It's a false economy to have most yacht work done in Phuket. Labor costs initially appear cheap but when you consider the time and quality of the end result, it is no bargain. Costs for marine gear and equipment are excessive, compared to prices in most other countries.

Engine work is especially hit-and-miss. Once the contractor has removed parts from your engine, some will provide you a quotation for a ridiculous amount and hold your parts as ransom until you agree. If you refuse to accept the quotation & they do return your parts, parts may be missing or damaged. I experienced this with a local mechanic who poses as a Perkins dealer.

You must personally supervise the workers for most work as the business owner will seldom be around. If you do not speak Thai, you will have an extremely difficult time.

There is little recourse for foreigners who receive sustandard work and/or receive outrageous billings from contractors. It appears that the local contractor can charge whatever he pleases and hold your parts as ransom. If work is completed and the contractor is not paid whatever he demands, your boat will not be allowed to leave Thai waters. The local police, incl tourist police, have little interest helping foreigners in these matters. They state it's a "civil case" and suggest you seek the assistance of a lawyer. If the police do get involved, they typically tend to assist the local contractor in his shenanigans.

Phuket contractors charge, at times, rates approaching western world levels while paying their workers a pittance. It is not uncomon to see charges of 1,000 Baht/hr hour (approx $30) for a Thai worker who’s receiving only $10-$15/day.

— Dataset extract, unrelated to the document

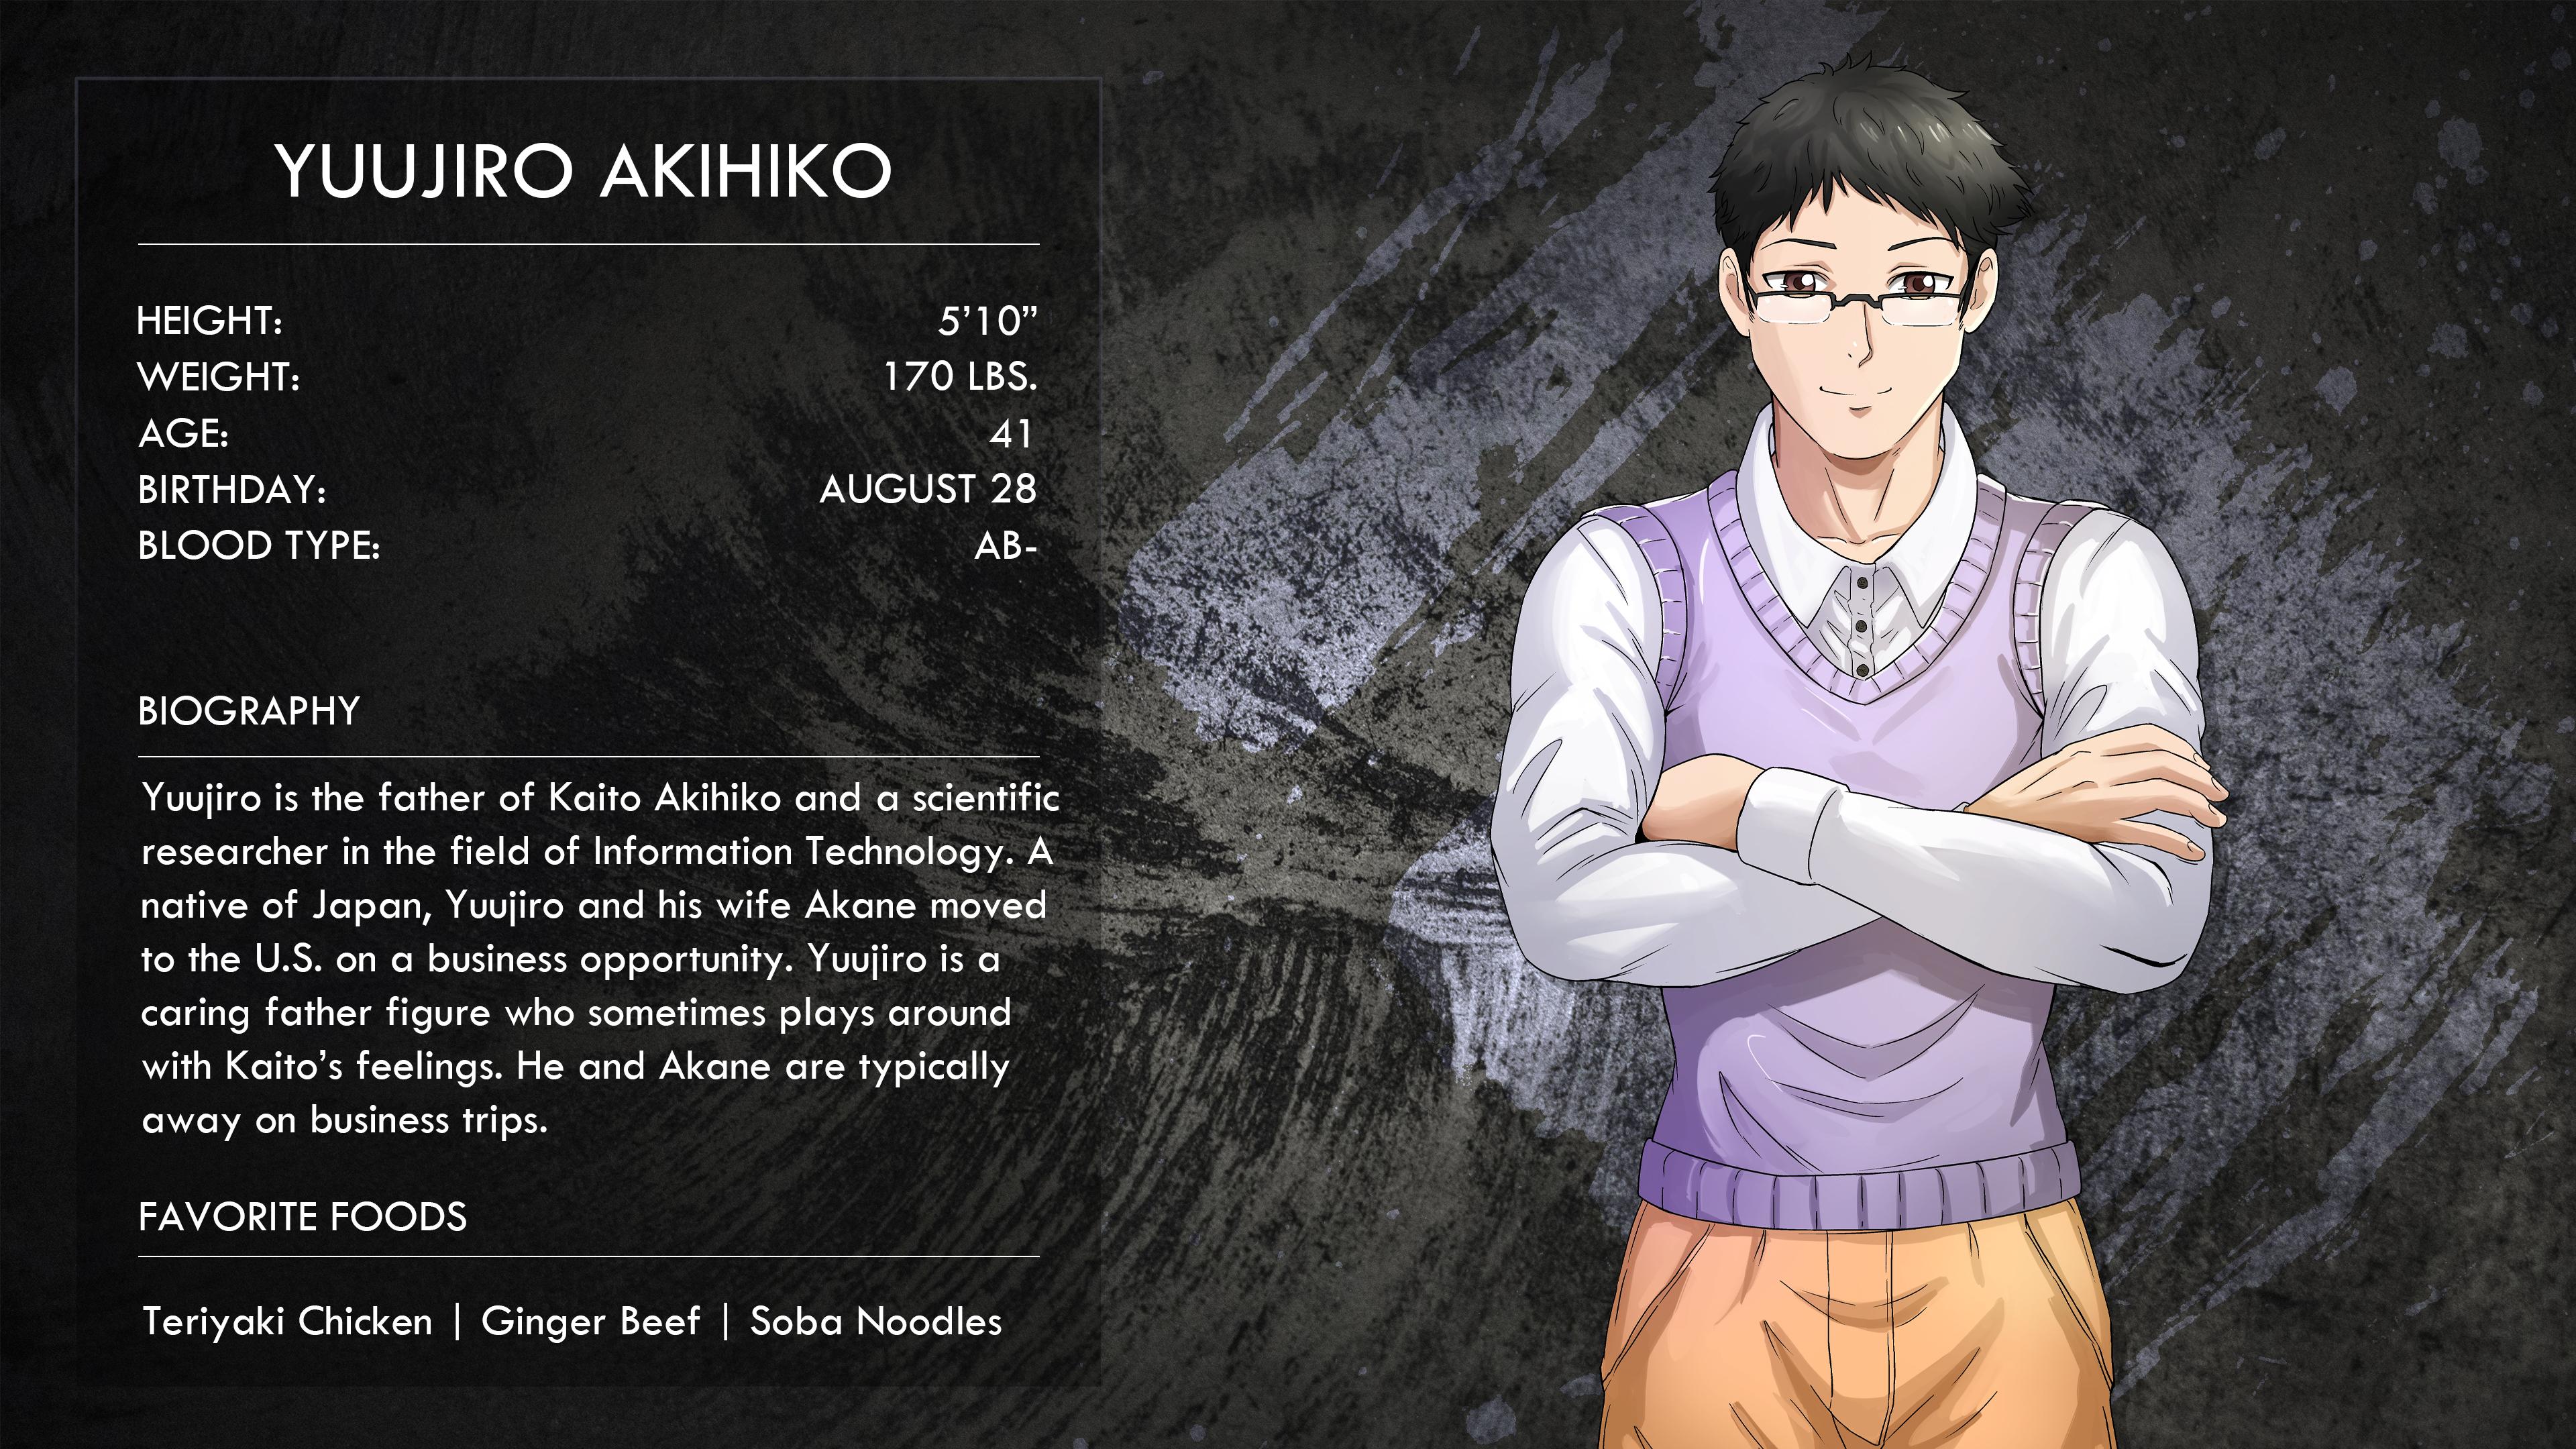 Yuujiro Akihiko

The official rate for yacht parts mailed into Thailand is 10% duty plus 7% VAT but once your parts arrive, customs will, many times, demand duty far in excess of this amount.

bbalan
bbalan says:
Mar 06, 2016 12:27 PM

I've now added most of our quotes and invoices, as well as extensive information about the work we did. These can be found at the link on http://brucebalan.com/migrations/BoatworkInThailand.htm
Hope this information will be useful.
Bruce Balan
s/v Migration

corlfoot
corlfoot says:
Dec 06, 2015 09:40 PM

After having read the the above article and the posted comments, I agree that it accurately reflects the reality of outfitting, repairing, or importing spares into Thailand. I have just completed a new engine install which required modifying the engine beds from 20° > 15°. This would be a difficult installation regardless of where it was done. We chose Boat Lagoon because it is hub central for contractors and chandleries. Although it is more expensive than either Al Po or Yacht Haven, the convince of having everything nearby offsets the marina's extra cost. I was able to contract the labor and supervise it. As things would be unacceptable, it was simple to send them back to the general contractor without delays. Many times I would send the Thai workers and their failures back to the shop to repair and start over again. The mechanical expertise of most Thai workers is very limited. It requires constant supervision from the owner at all times that they are working. If the owner leaves them for the shortest time, mistakes will be made. If you are going to have any kind of mechanical work done, you must be in attendance and verify that each and every part is being repaired and replaced. If you are not willing to do this - don't have it done in Thailand. That's the sad mechanical situation in Phuket. Most Thai contractors send their workers out with a hammer, screwdriver, chisel and angle grinder and call them qualified. The only qualifications are on-the-job training and learning from previous mistakes. If you contract services through Precision Marine Services, you are on the highest rung of the ladder at Boat Lagoon and will pay the highest prices. Supervision will still be required on the mechanical side. The electrical side of things gets a little brighter. There are several electrical shops, in Boat Lagoon, that can do acceptable work: OCTOPUS ELECTRICAL is one of them; AME is another. Once again, it will be the owners of the enterprises that will be knowledgable: Their labores less so but some are good. You will have to check and verify every aspect of the work being done.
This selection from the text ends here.